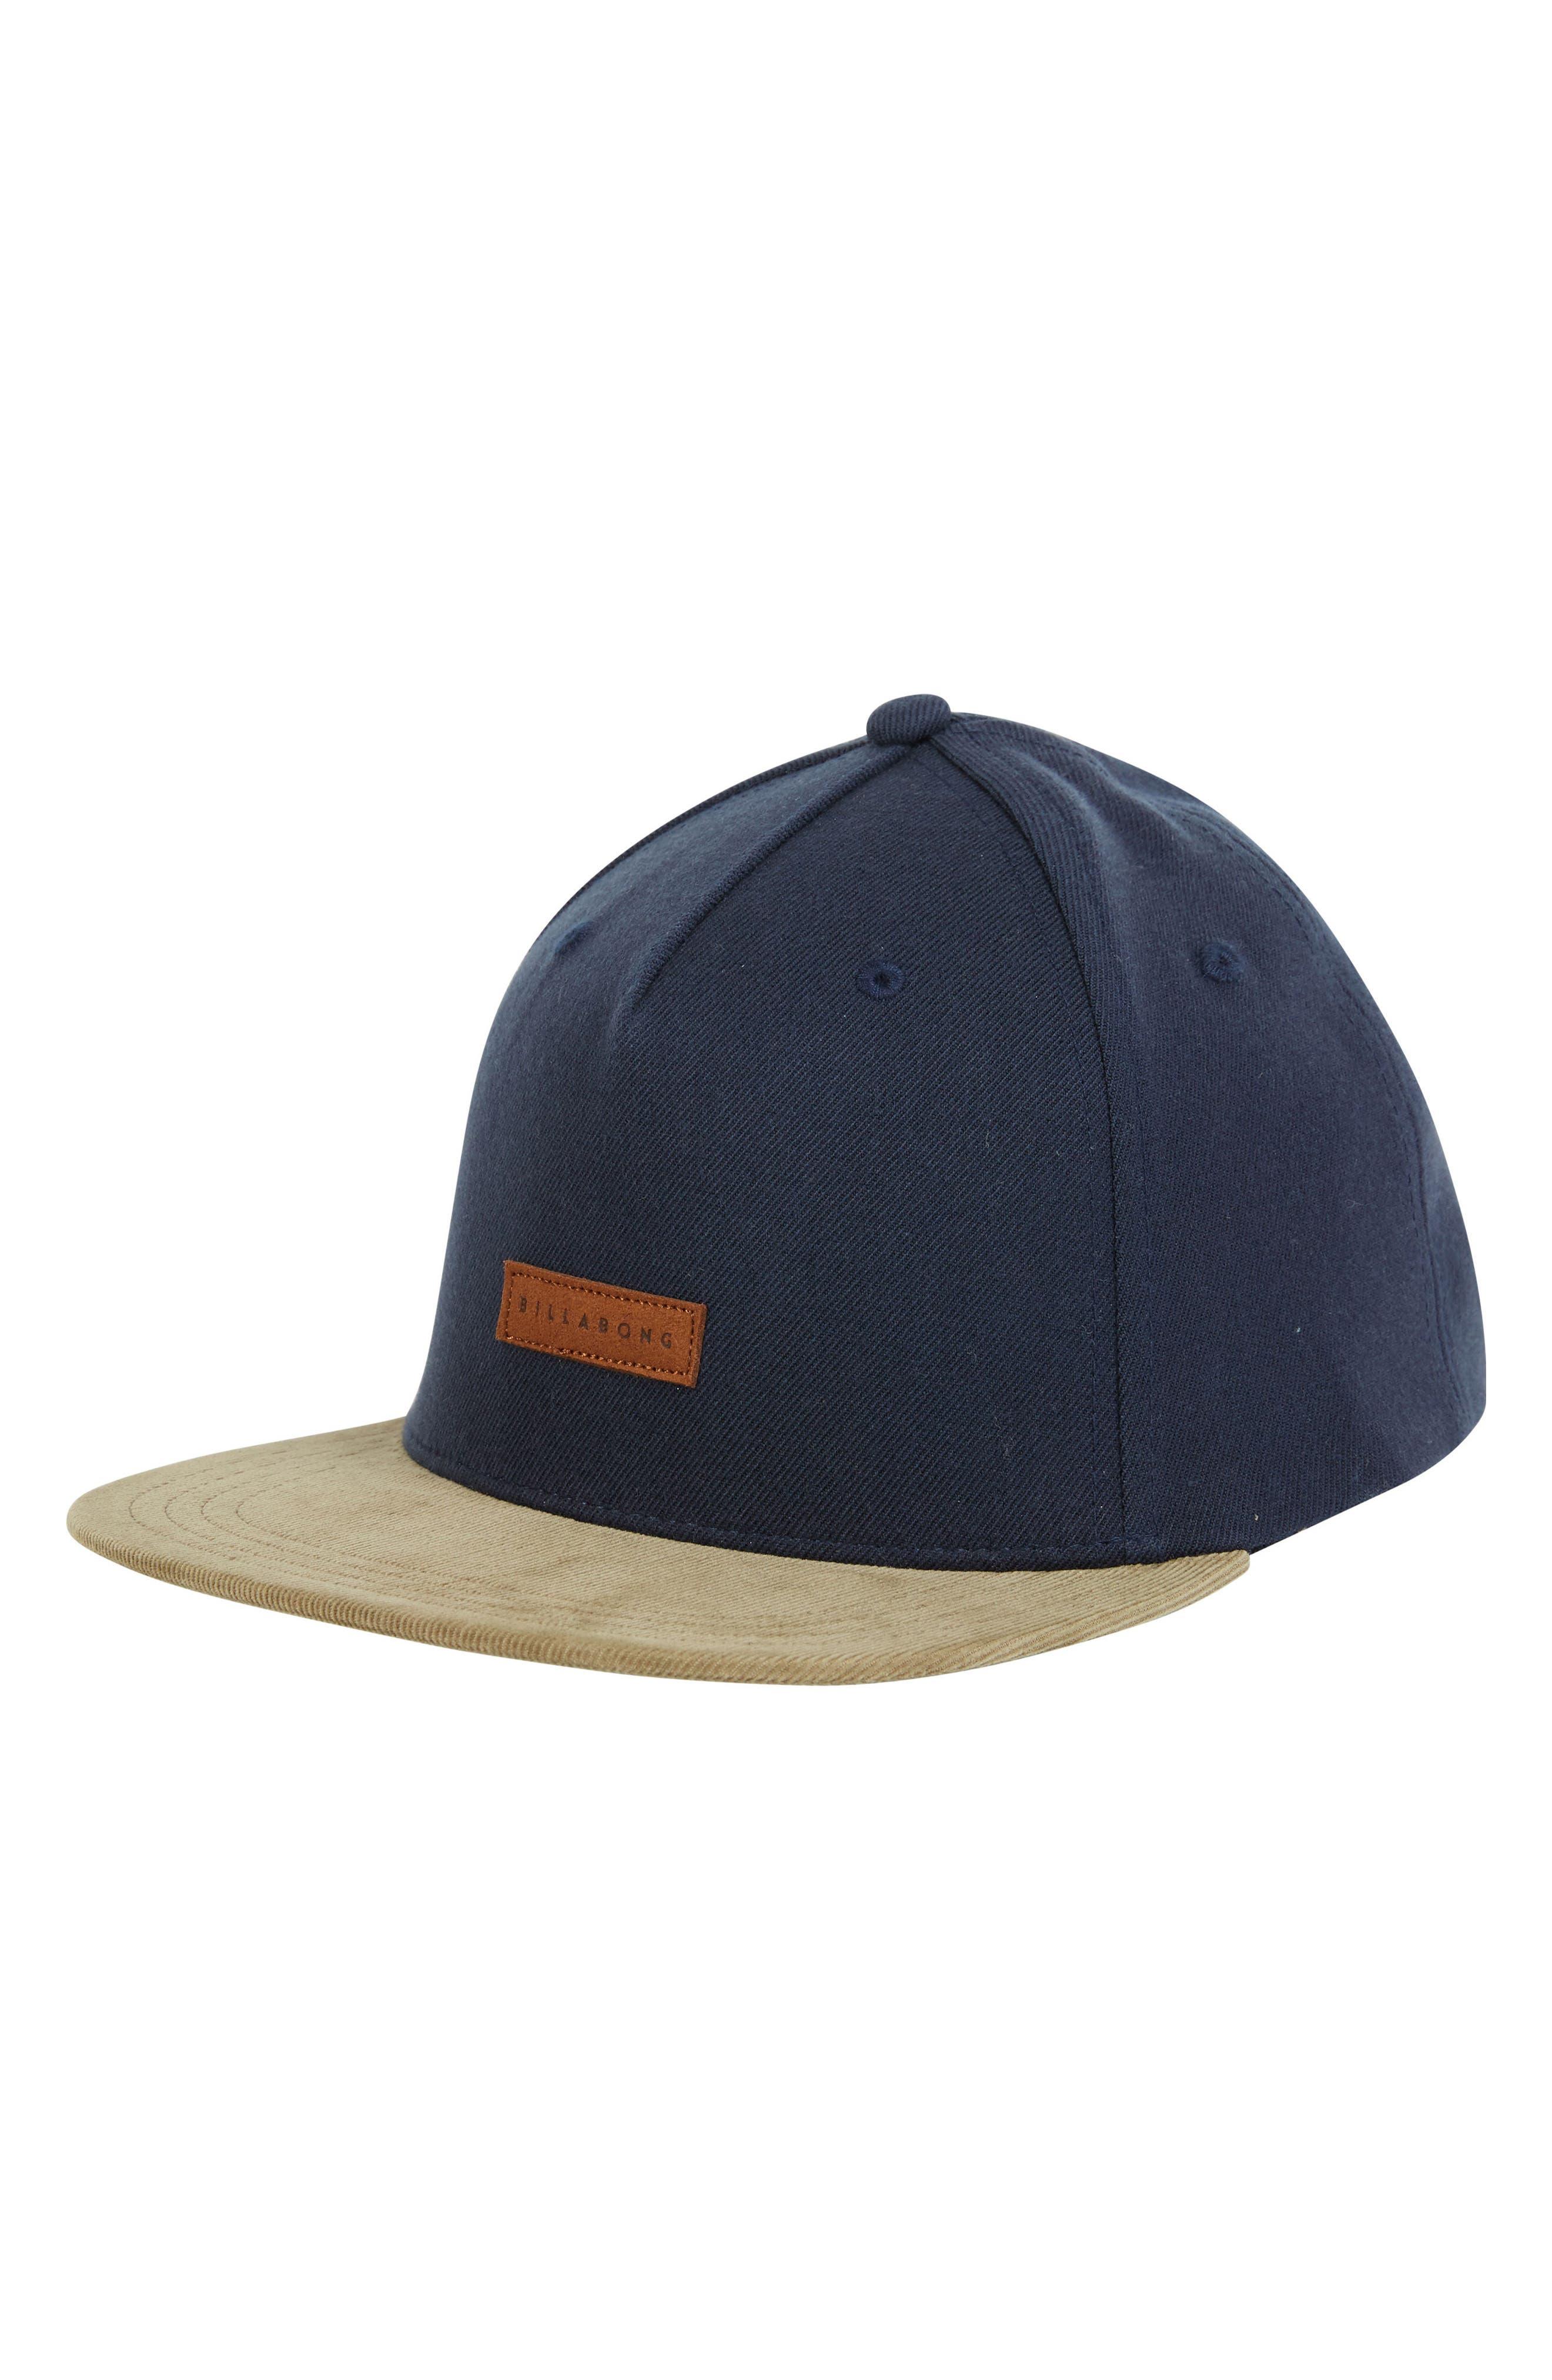 Oxford Snapback Baseball Cap,                             Main thumbnail 1, color,                             NAVY
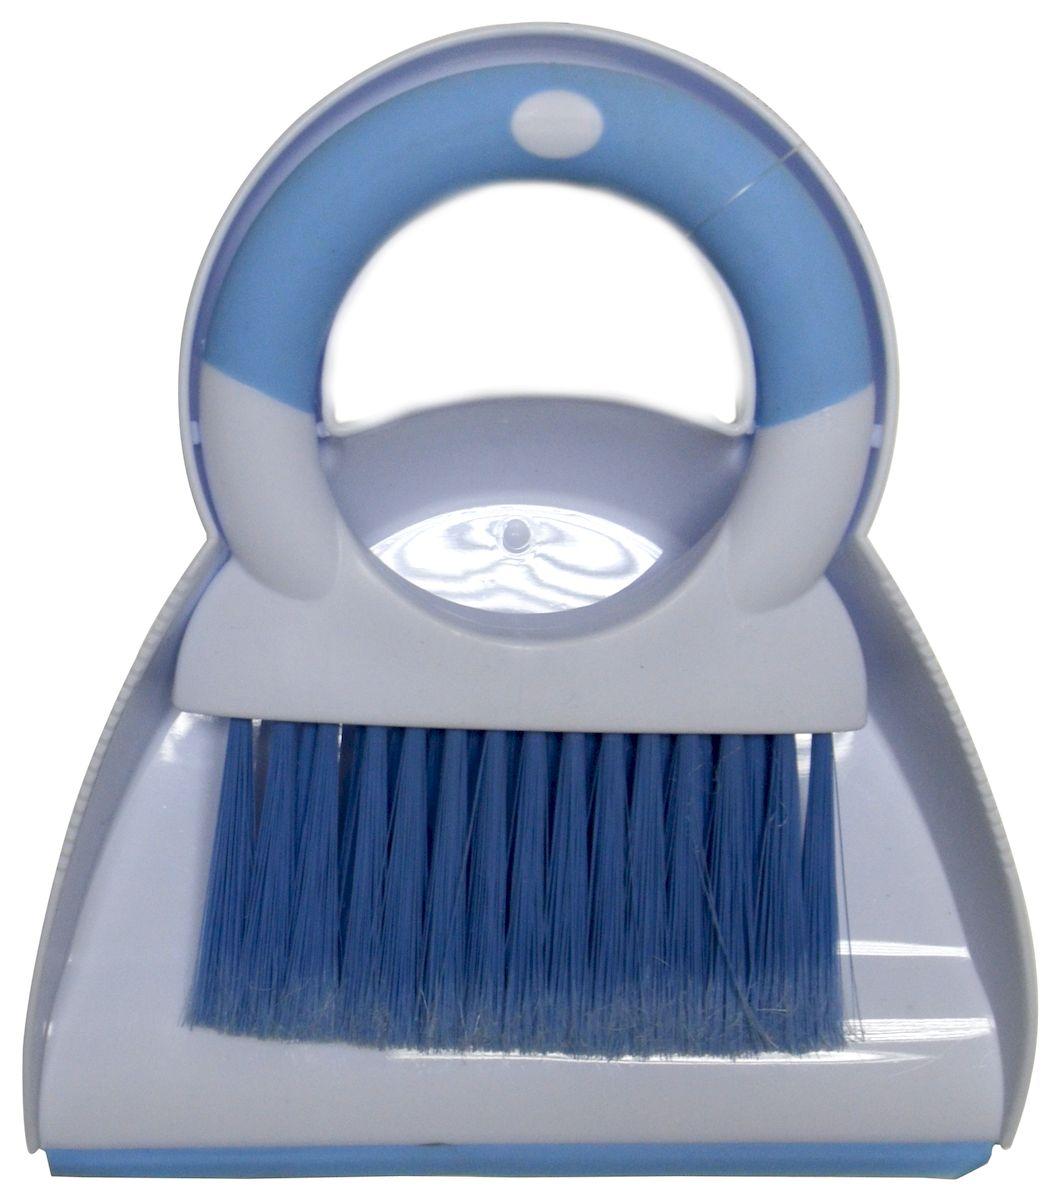 Набор для уборки Коллекция: щетка-сметка, совок. ATP-2ATP-2Набор для уборки: щетка-сметка и совок
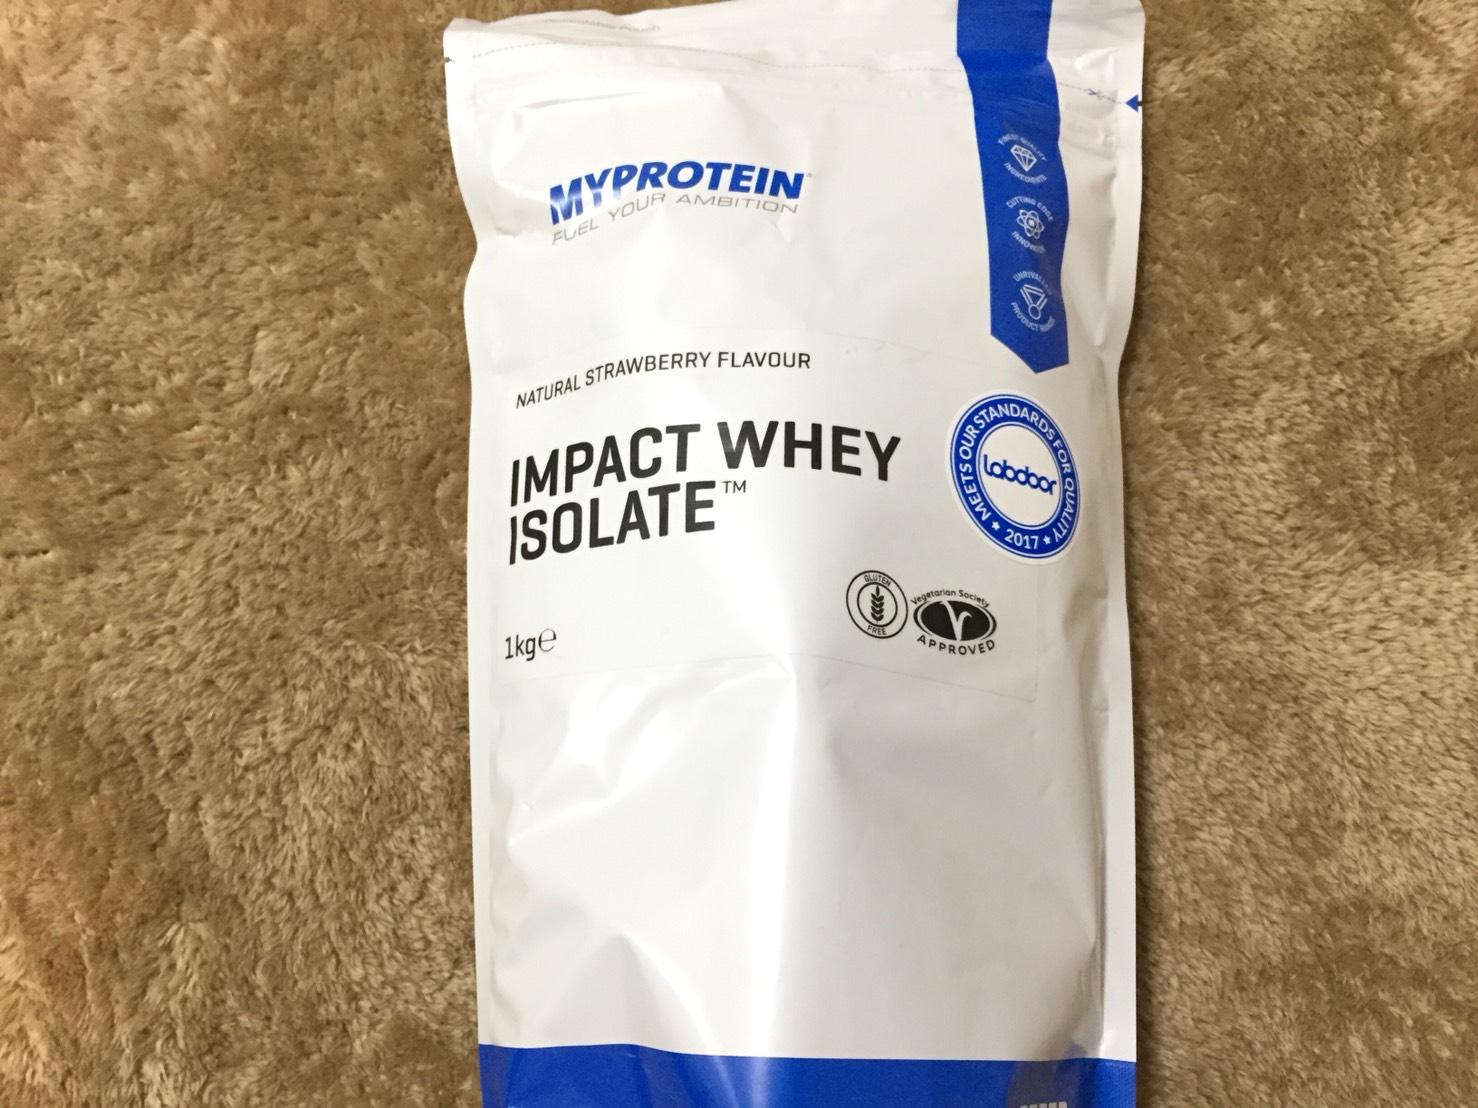 IMPACT分離ホエイプロテイン 1kg (ナチュラルストロベリー味)

*YOUR OBJECTIVE*
Give the data again exactly as written, with no pictures included.

*ANSWER TO THE PROBLEM*
 Oxford Snapback Baseball Cap,                             Main thumbnail 1, color,                             NAVY
 Набор для уборки Коллекция: щетка-сметка, совок. ATP-2ATP-2Набор для уборки: щетка-сметка и совок
 IMPACT分離ホエイプロテイン 1kg (ナチュラルストロベリー味)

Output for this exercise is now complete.